An open letter to the SARS
You are the most incompetent, annoying and frustrating (dis)organisation it has ever been my misfortune to deal with, and I’ve dealt with a few in my time.
Every year, without fail, you send me a sms stating that I owe you a small fortune in taxes, taxes it must be noted that have already been deducted – monthly – from my salary and paid over to yourselves.
No telephone numbers, no details and no names but - like the Mafia - threatening that if I don’t come up with the goods immediately you will take action against little old me.
You money-grabbing assholes don’t even supply an e-mail address – or at least a valid one that responds to my e-mails - maybe because you are scared, or unable, to answer the e-mails which are sent to you, or maybe because you like to operate from the murky depths like sharks, orcas, gremlins and other Stephen King-like nightmares.

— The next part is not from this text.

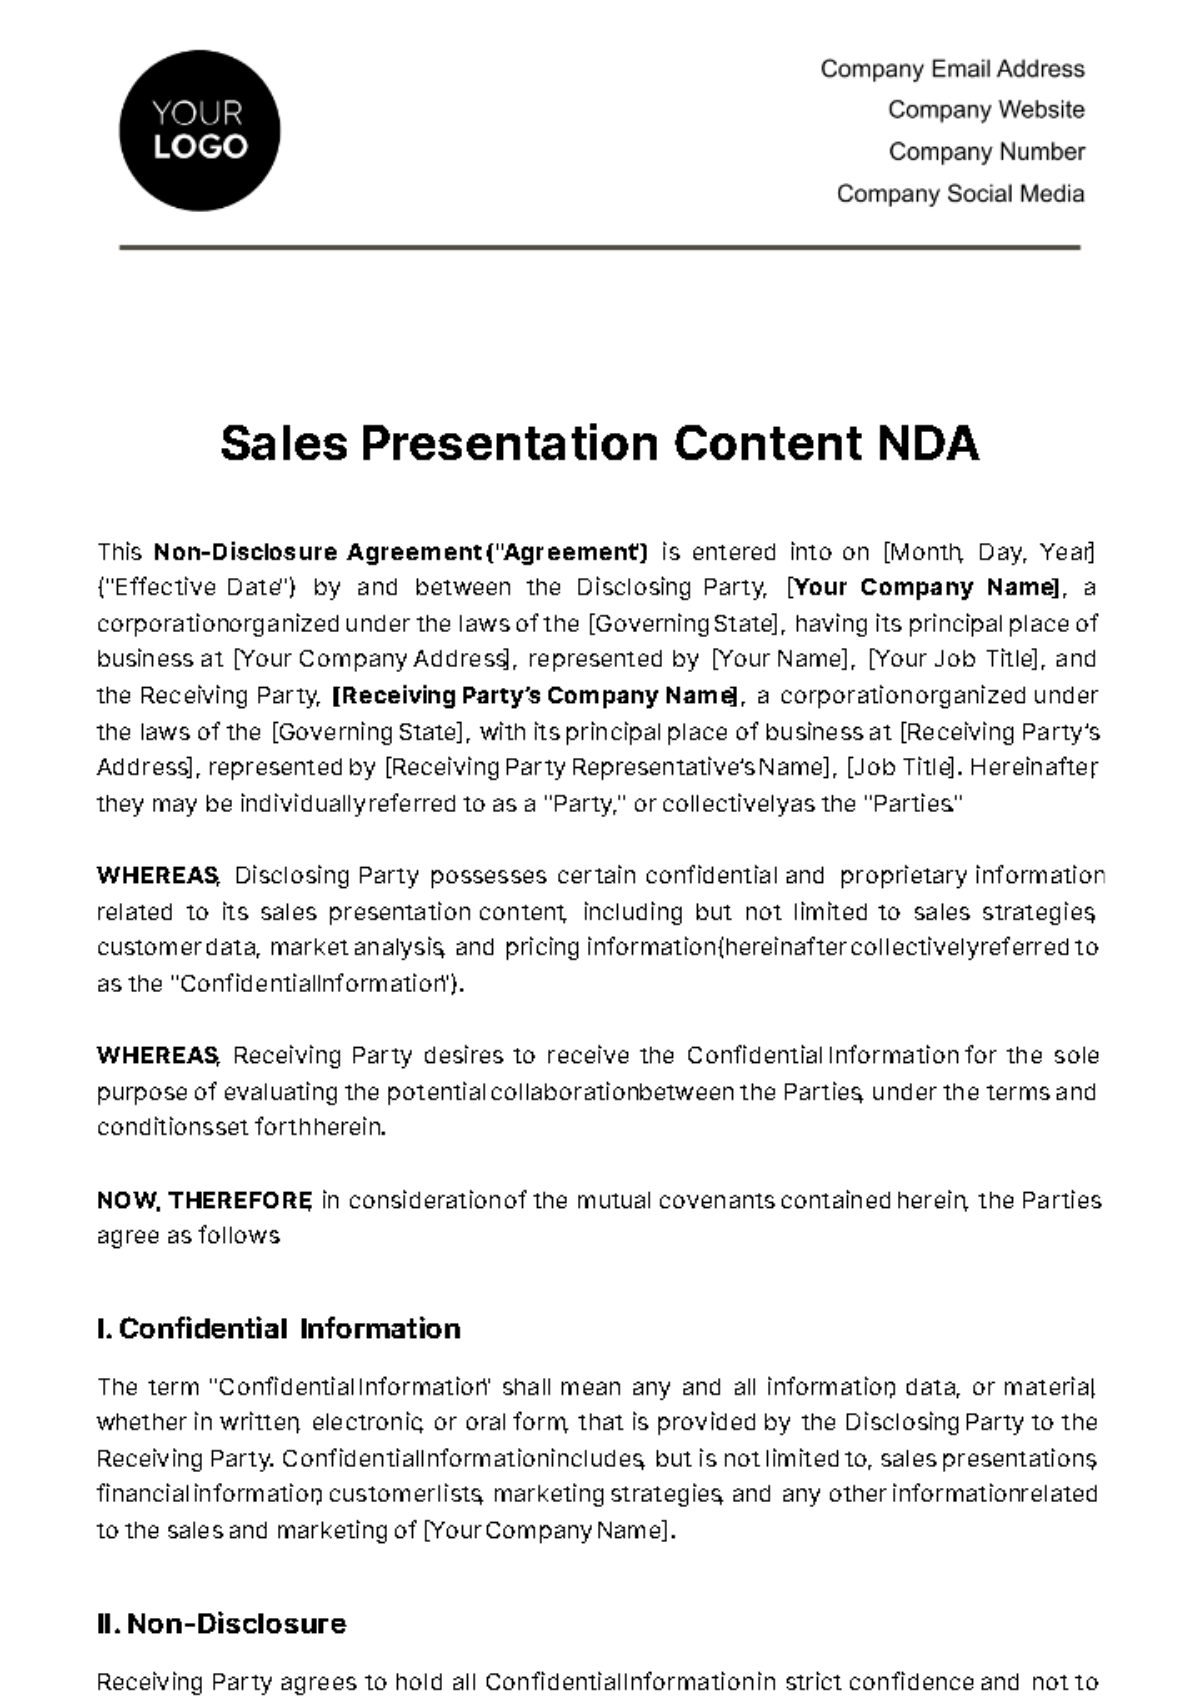 Free Sales Presentation Content NDA Template
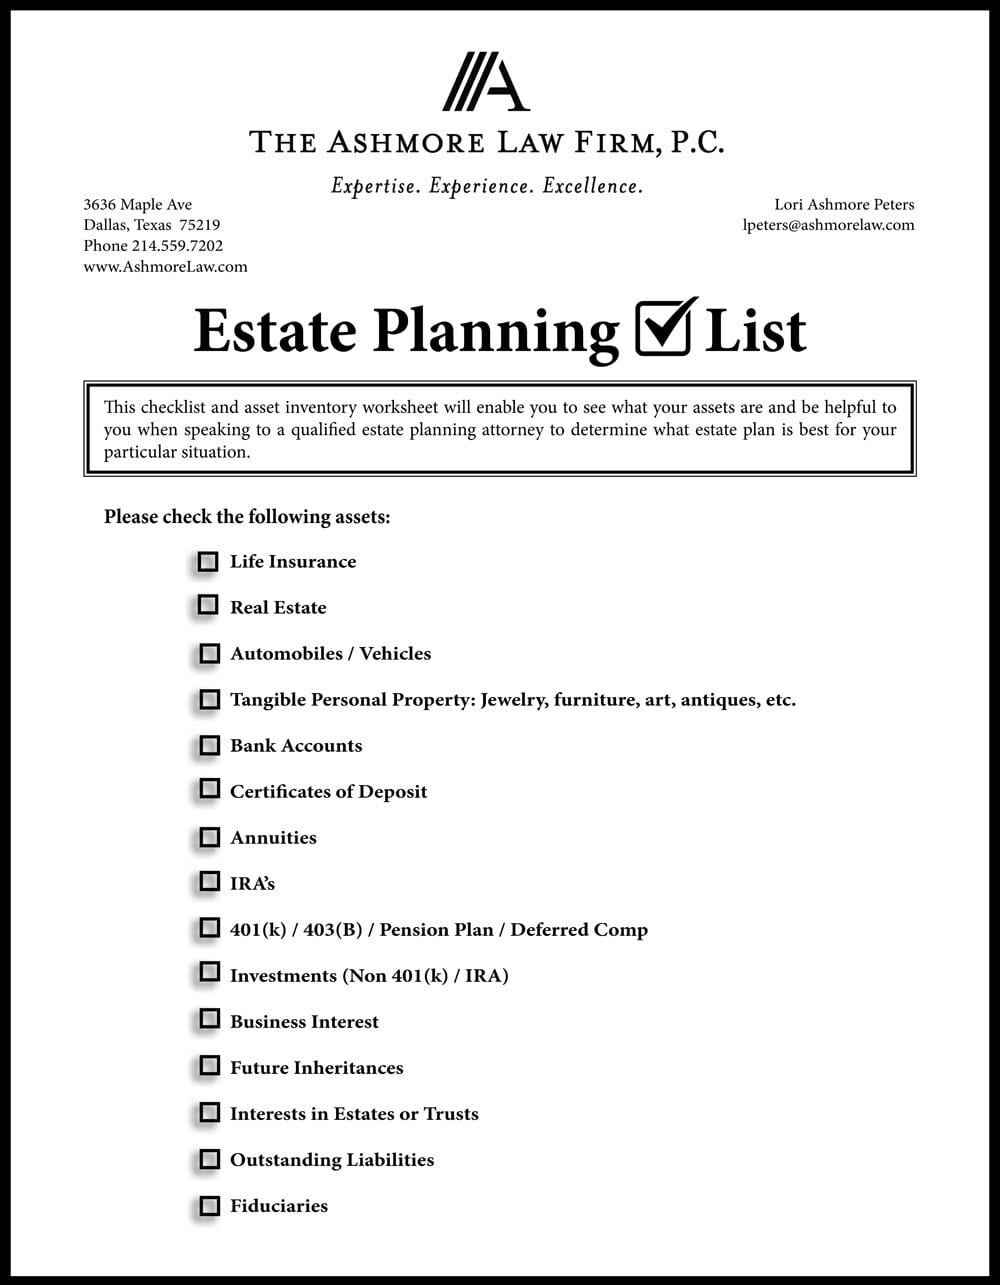 Estate Planning Checklist And Asset Inventory Worksheet  The For Estate Planning Worksheet Pdf

I’ve submitted documentation – piles and piles of documentation – on numerous occasions, for 3 years now, including certified copies of passport stamps, IRP5’s, letters from employers, spread sheets showing earnings, deductions, gross and net pay - everything except what I had for breakfast - and yet you ignore, lose or misplace this all and then go quiet until it’s time to send out sms’s again.
I cannot retrieve the money being held by an insurance company, via two sets of provident fund contributions dating back to 2010, as they are waiting on you to assure them that I do not owe yourselves any money. How twisted is that, you useless bloody clowns?
Obviously neither can I retrieve the taxes you have taken from me for 3 years now yet you state, continuously, ad nauseam – probably using my money - that you are going after tax-dodgers, that your income is steadily increasing and that you are doing a good job for all. HA!
My only question for you, you miserable, bottom-dwelling, blood sucking, scum-eating parasites is this:
If I die before you refund me, will you continue sending me threatening sms’s as then I’ll know to take my cellphone and laptop with me so that I can contact you from HELL?
Oh right, on second thoughts it’ll only be a local call as you lot will be sitting right next to me.